COLLECTED MATERIAL:
_ _ _ _ _
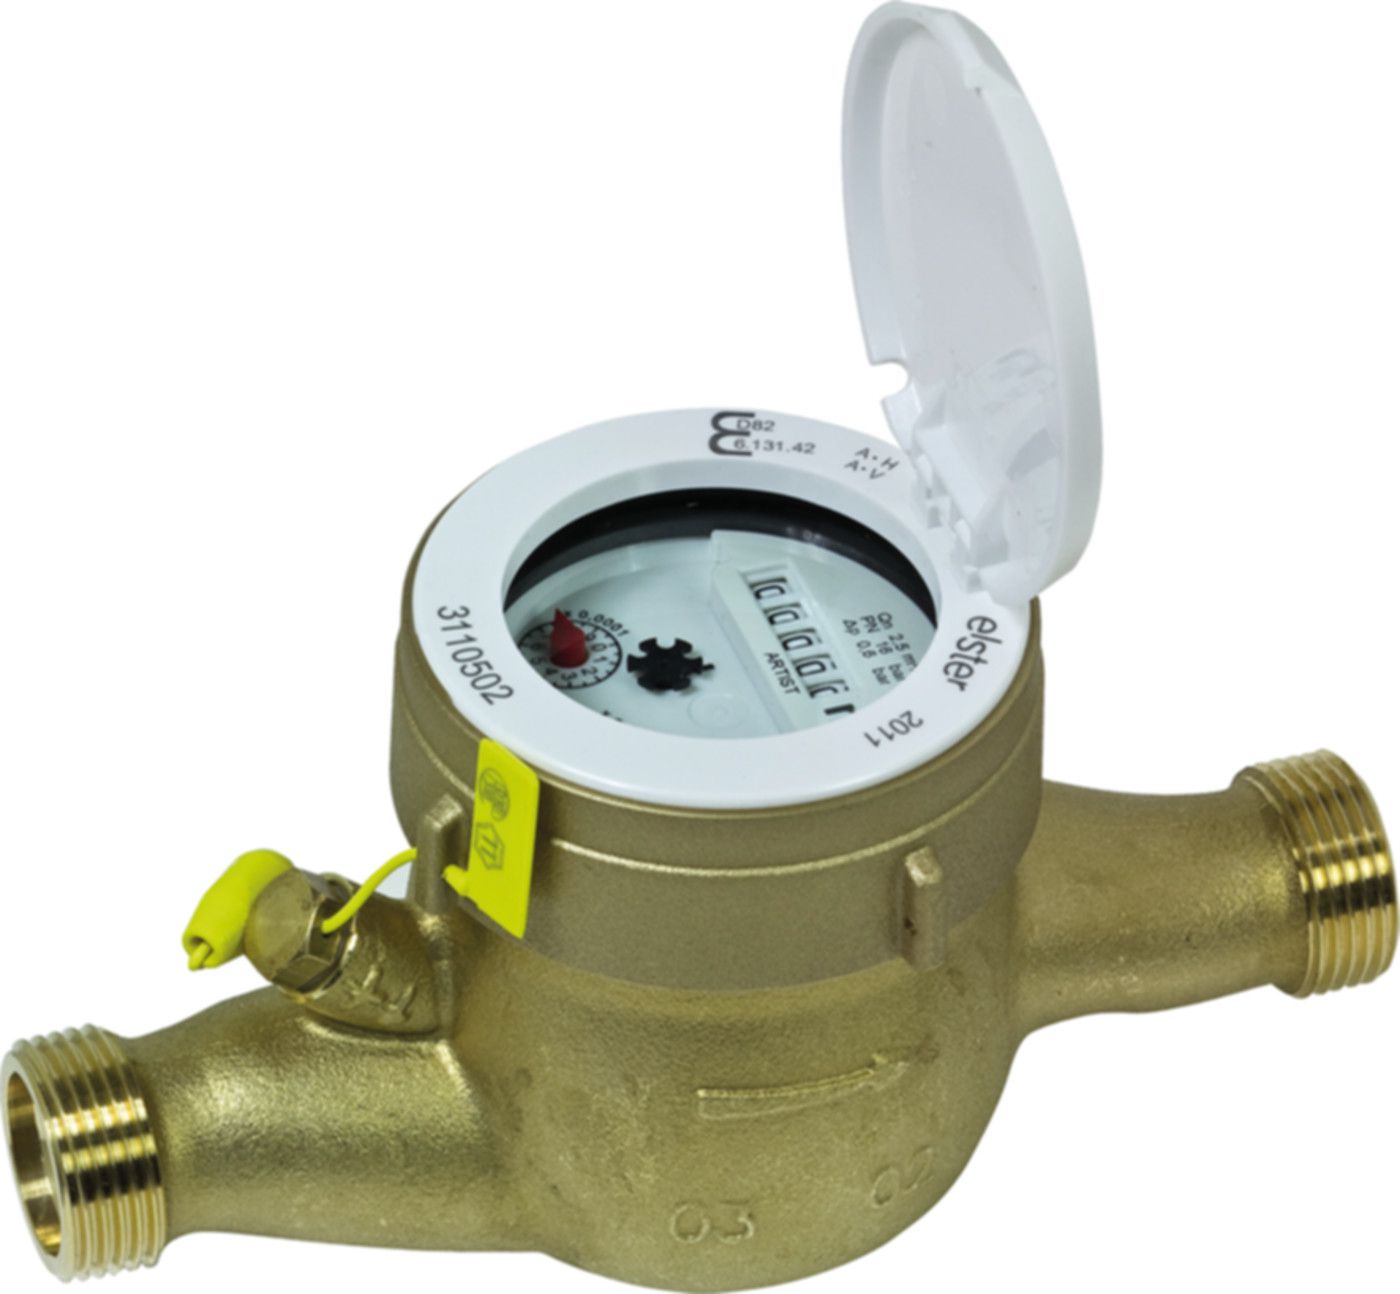 Hauswasserzähler kalt S 6.0 m3/h L = 150 mm G 11/4" blombiert 16783 - ISTA - Wärme- / Wasserzähler
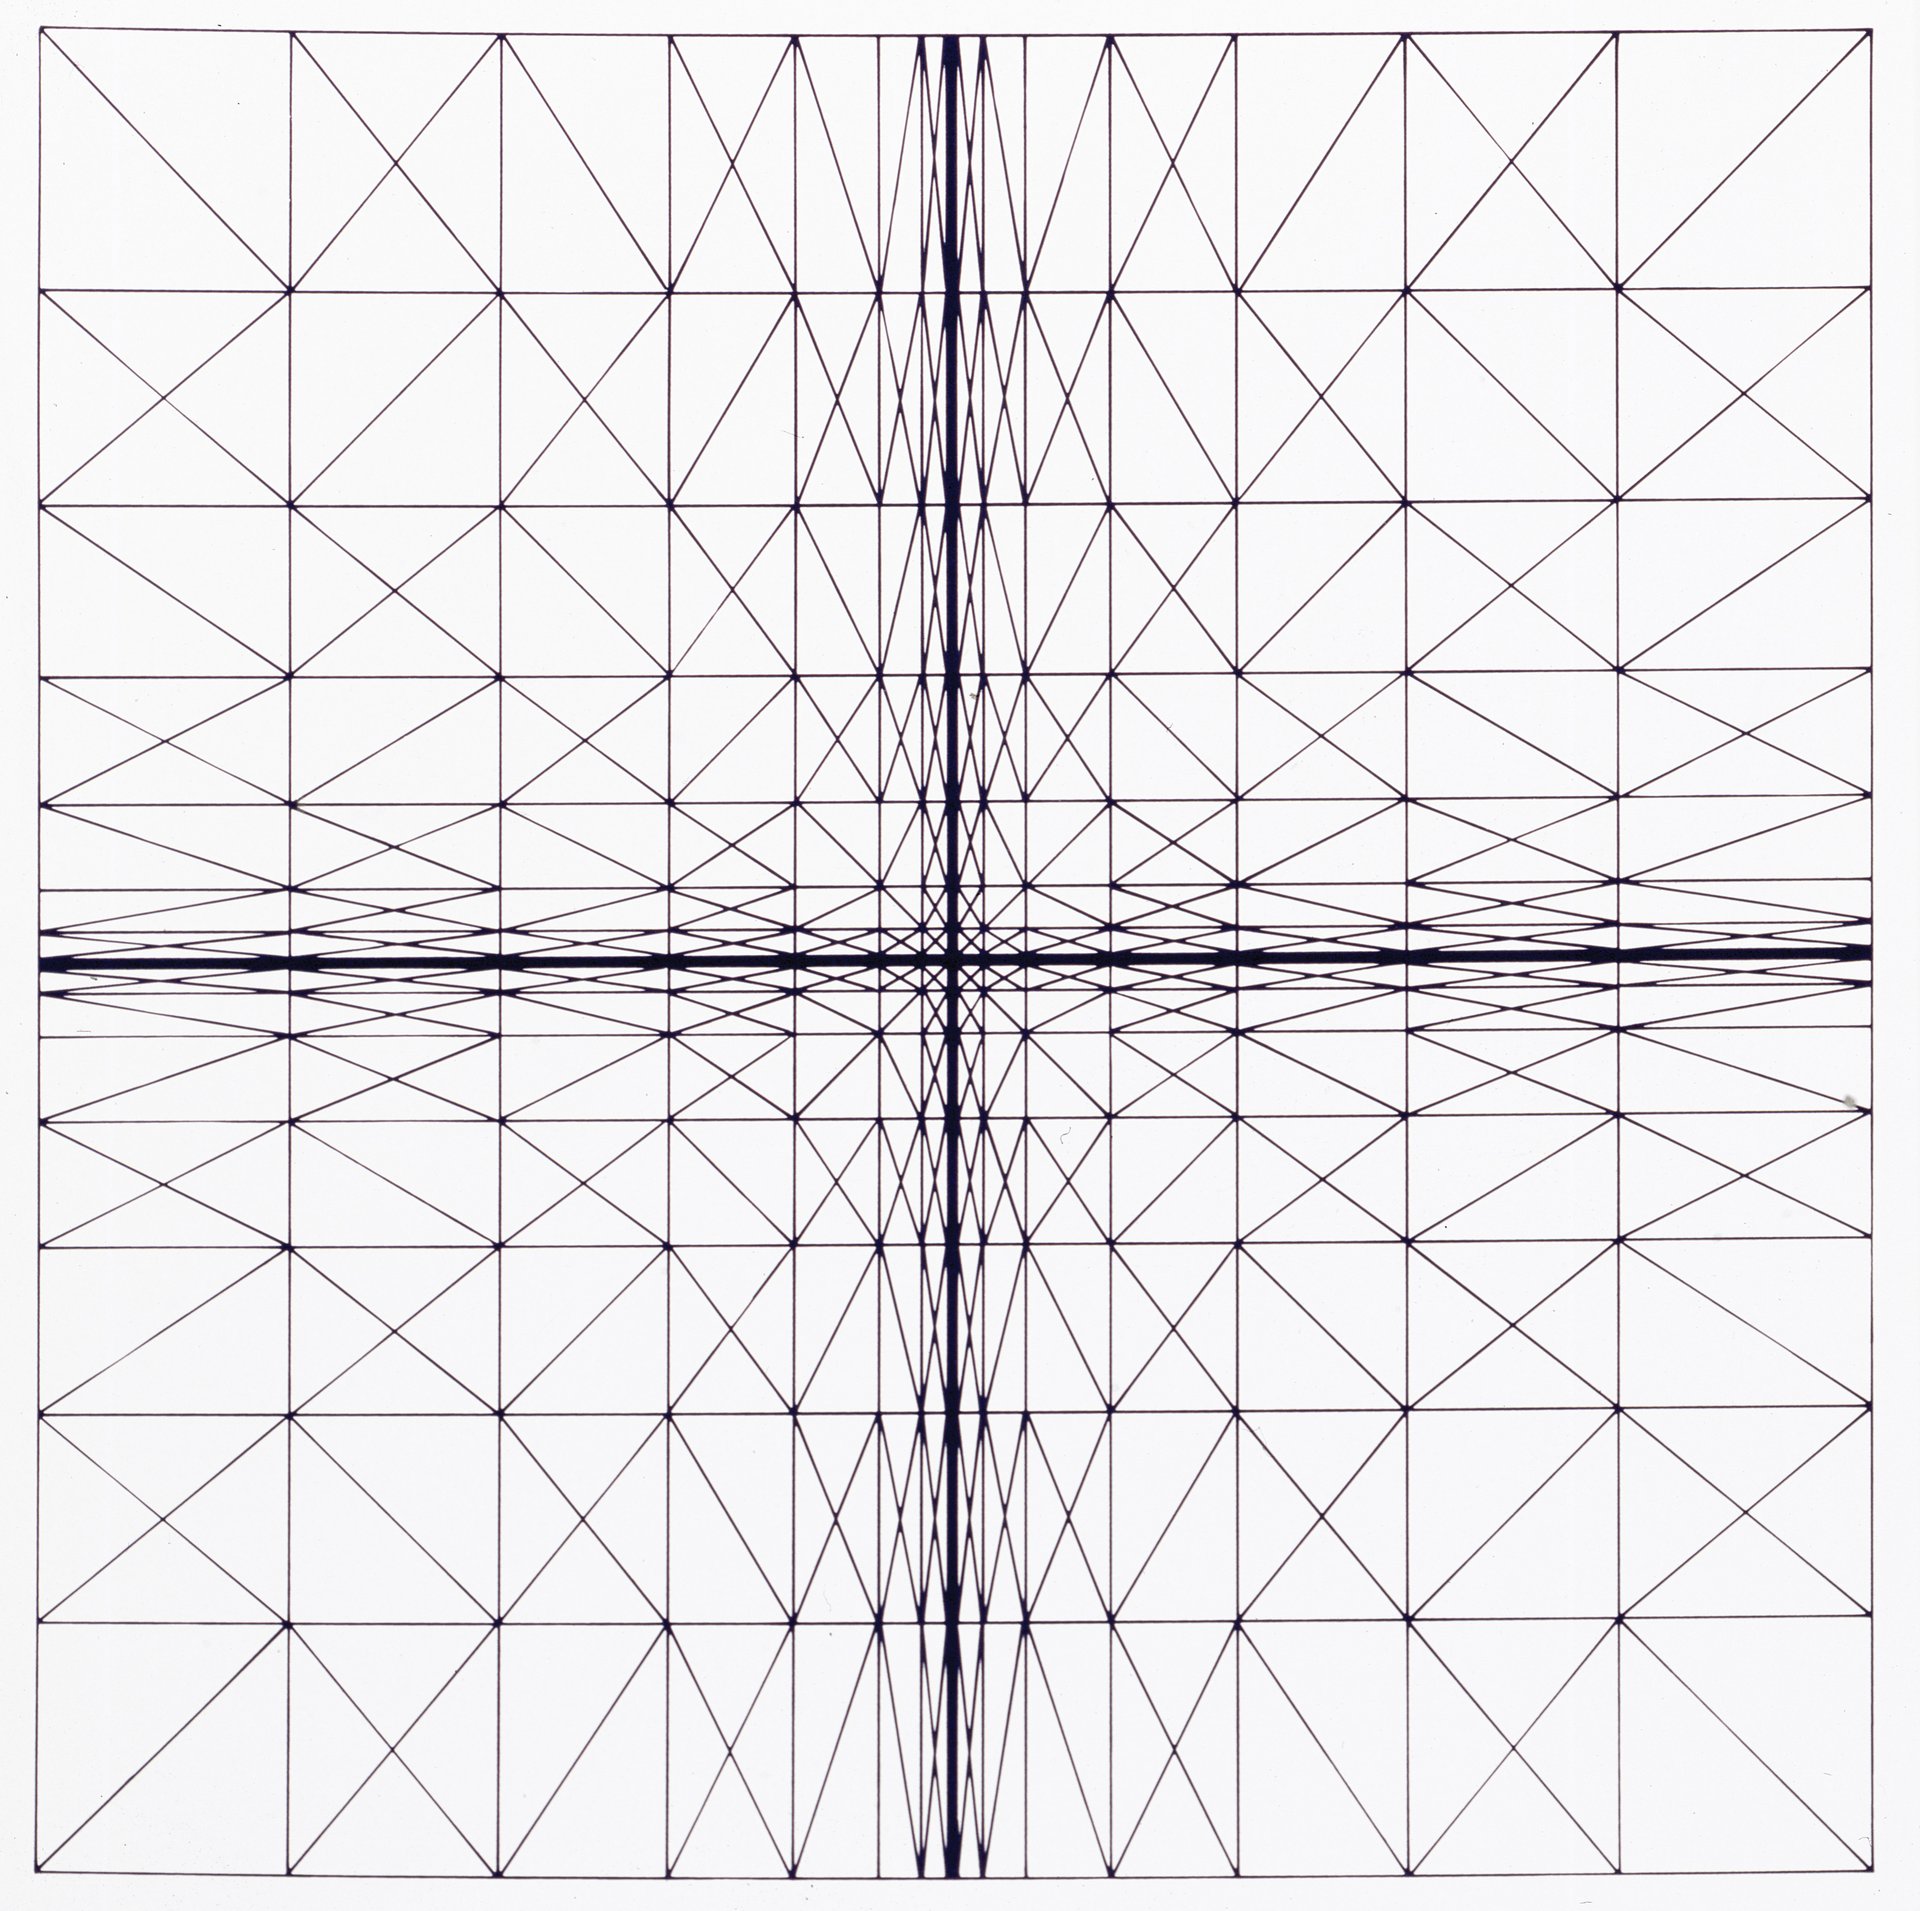 lev nusberg, &quot;kinetische zeichnung&quot; (1962), silkscreen on laid paper, 60 x 60 cm
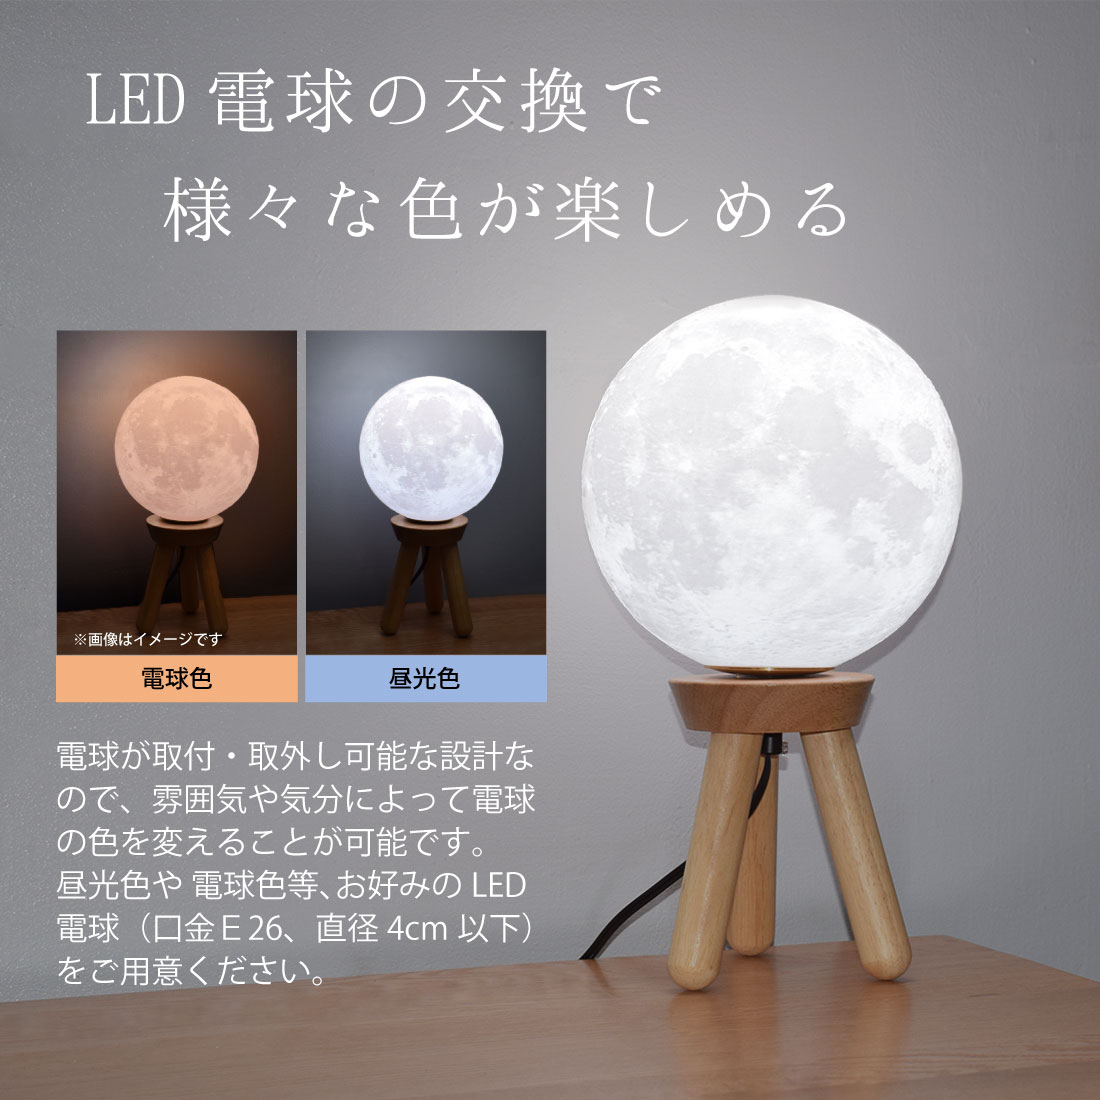 月ライト 18cm LED 間接照明 調色 調光 色切替 木製台座 テーブル
_ _ _ _ _
Type the listing above out again exactly, and omit all pictures.

SOLVED EXERCISE:
 Hauswasserzähler kalt S 6.0 m3/h L = 150 mm G 11/4" blombiert 16783 - ISTA - Wärme- / Wasserzähler
 lev nusberg, &quot;kinetische zeichnung&quot; (1962), silkscreen on laid paper, 60 x 60 cm
 月ライト 18cm LED 間接照明 調色 調光 色切替 木製台座 テーブル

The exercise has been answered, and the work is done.